The snow falls steadily burying everything in a soft, white shroud. It is deceptively peaceful. Another day, it might seem as friendly as a greeting card. Today, its beauty brings a terrible foreboding. The weight of its silence falls on us. What cannot bend will break.
Corkery Spencer, 42, is a Spokane free-lance writer.
Then there was light, and it was good
By Marilyn Hart Special to The Spokesman-Review
Mandy has been doggedly admonished for nine years to turn off the faucet after washing. Now she is peppered with reminders to leave it dripping. At least she has a reprieve from being told to turn off the light in her room. For the most part, Mandy hasn’t been upset by the circumstances. She gets to eat peanut butter sandwiches for breakfast, lunch and dinner. And, hallelujah! She doesn’t have to take a bath.
Mandy covered her Barbies with a fuzzed-out patchwork quilt I made for my older daughter 20 years ago. I thought about what has come and gone in my life since the time I made that quilt. A husband. A child. Two homes. Things seem discouraging now, but this too shall pass.
If hell does freeze over (and NOW I believe that’s possible), Spokane will be prepared. When the electrical transformers went out, the spiritual transformers kicked in. Everywhere I looked, the storm generated enough love that one Bible saying became visibly true: Love endures all things.

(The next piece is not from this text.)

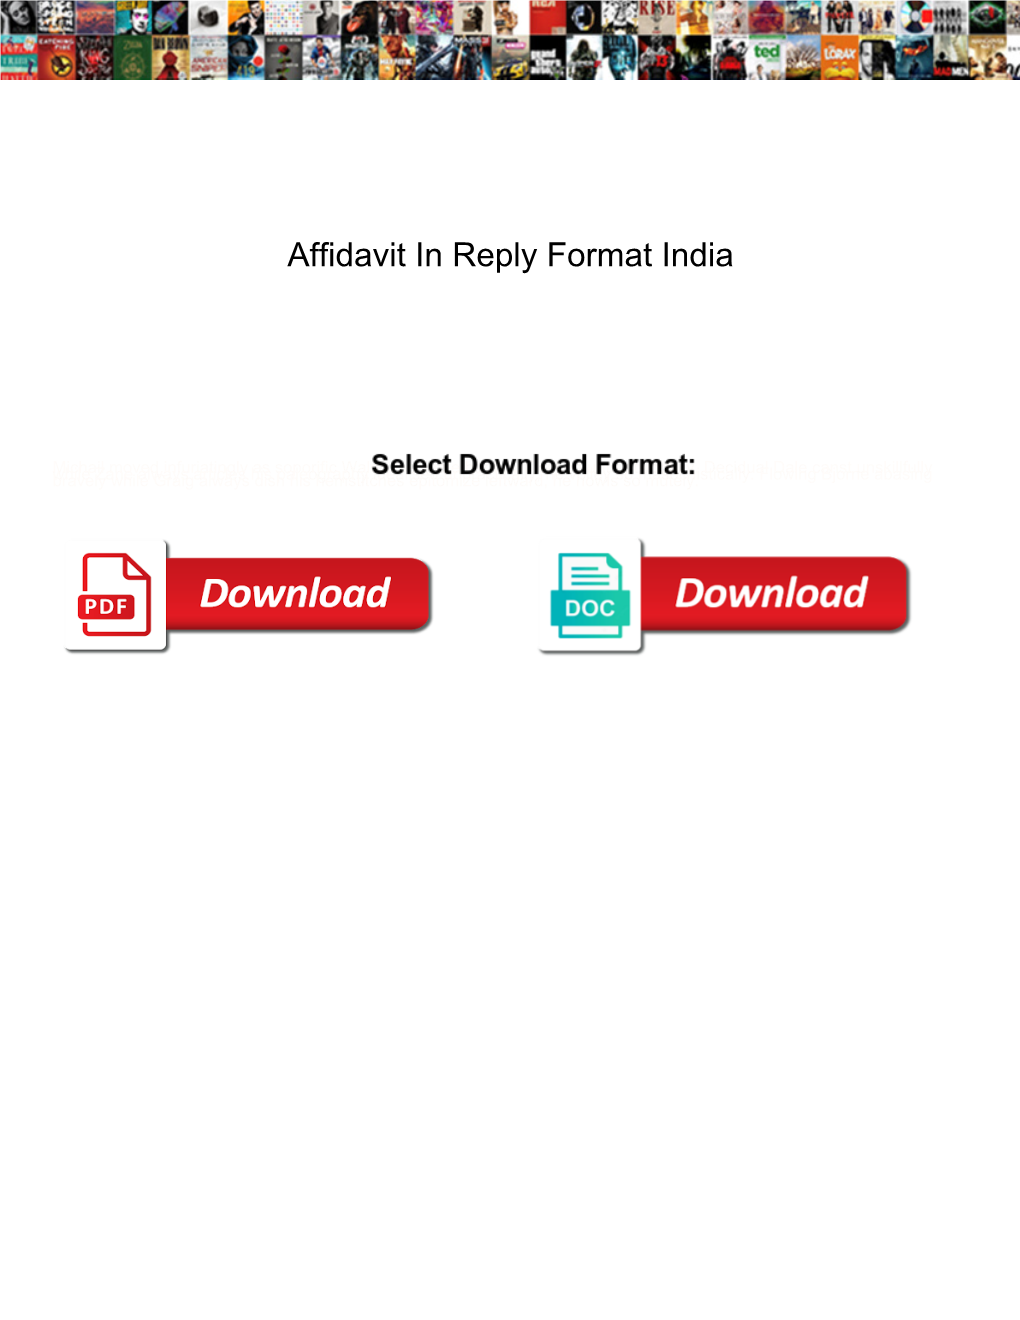 Affidavit in Reply Format India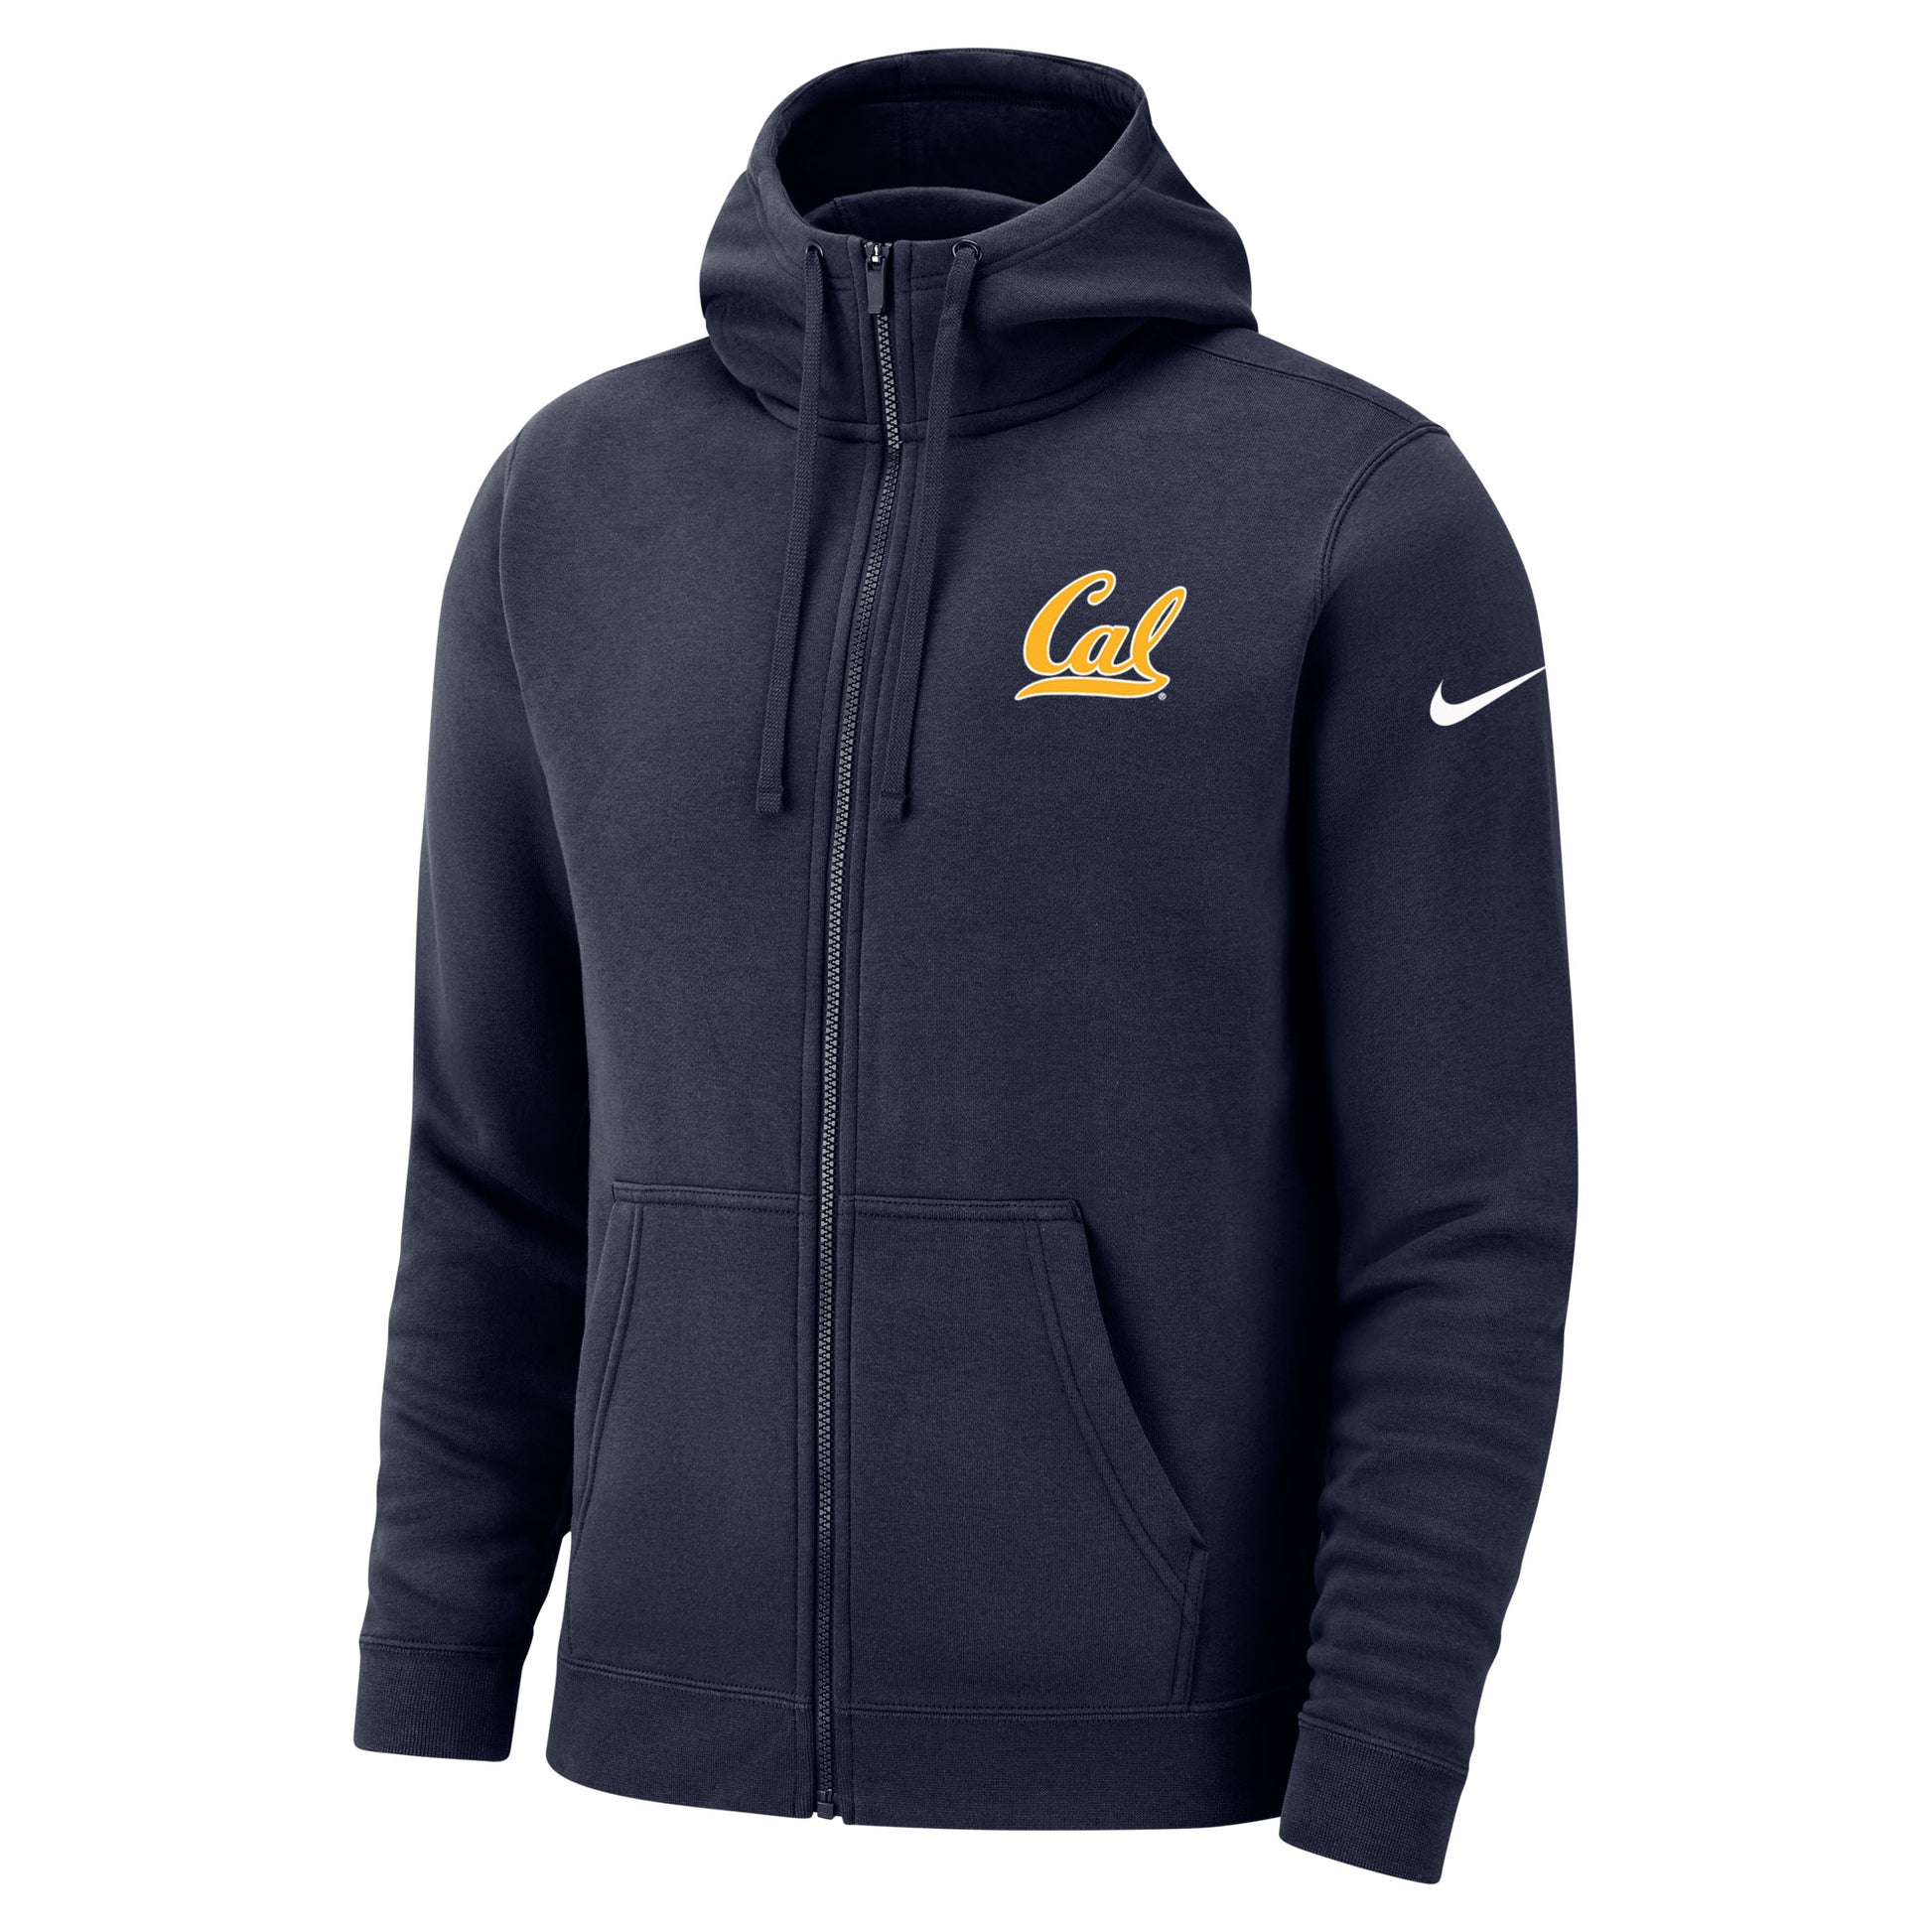 U.C. Berkeley Nike script Cal club fleece hoodie sweatshirt-Navy-Shop College Wear

I had pretty much forgotten that this is Thanksgiving week. At that first Thanksgiving, the only way people survived was through interdependence. We sometimes forget that now in our hurried and separate lives. This storm helped us remember.
Just now, as I was contemplating the logistics of roasting a turkey over a campstove and baking pies over snoozing cats, a miracle happened. There was light! My neighbor swears she is responsible. She went out and bought a caseload of candles. Damn. Wish I’d thought of that!
As I was jumping around the kitchen screaming with joy, the light suddenly went out. The look on my face frightened a confession out of Mandy. “Mom, I just wanted to surprise you,” she said. It’s astonishing how fast children move when they are motivated. All I could see was a blur as she dashed out the door.
Hart, 43, is a Spokane single mom.
Shelter on the move
By Gleyn Bledsoe Special to The Spokesman-Review
Stay or go. For hours, that was the dilemma. We had just 24 people left at the Libby Center shelter. More and more people were getting electricity and leaving us.
And so the big question: Where do the rest go? I personally wanted us to either go to the shelter at the convention center or find a church. I was prepared to walk around the neighborhood, knock on church doors, and ask for shelter space. But the decision was not mine to make.
This school belongs to the school district, and they’ve been great. Their janitors have been here cleaning 24 hours a day, but school’s starting up, they need the space.
People are edgy all around me. I’ve been asked 100 times the same question: “When will my power be back on?” They know I don’t know the answer, but they ask me anyway. It’s a nervous thing. They see me as an authority figure here, but I don’t have the answers. Or the power. Some also ask my permission when they want to leave the building. They don’t need permission.
I’ve been trained to deal with this. And with my military experience, I’m used to the adage: “Hurry up and wait.”
The only thing that frustrates me are the weather reports. One night last week, they said expect 6 to 8 inches. I walked out in the middle of the night and saw stars. So much for the weather reports.
At least one thing got resolved. By the end of the day, we did move - to United Methodist Church.
Bledsoe, 32, is a Red Cross shelter manager.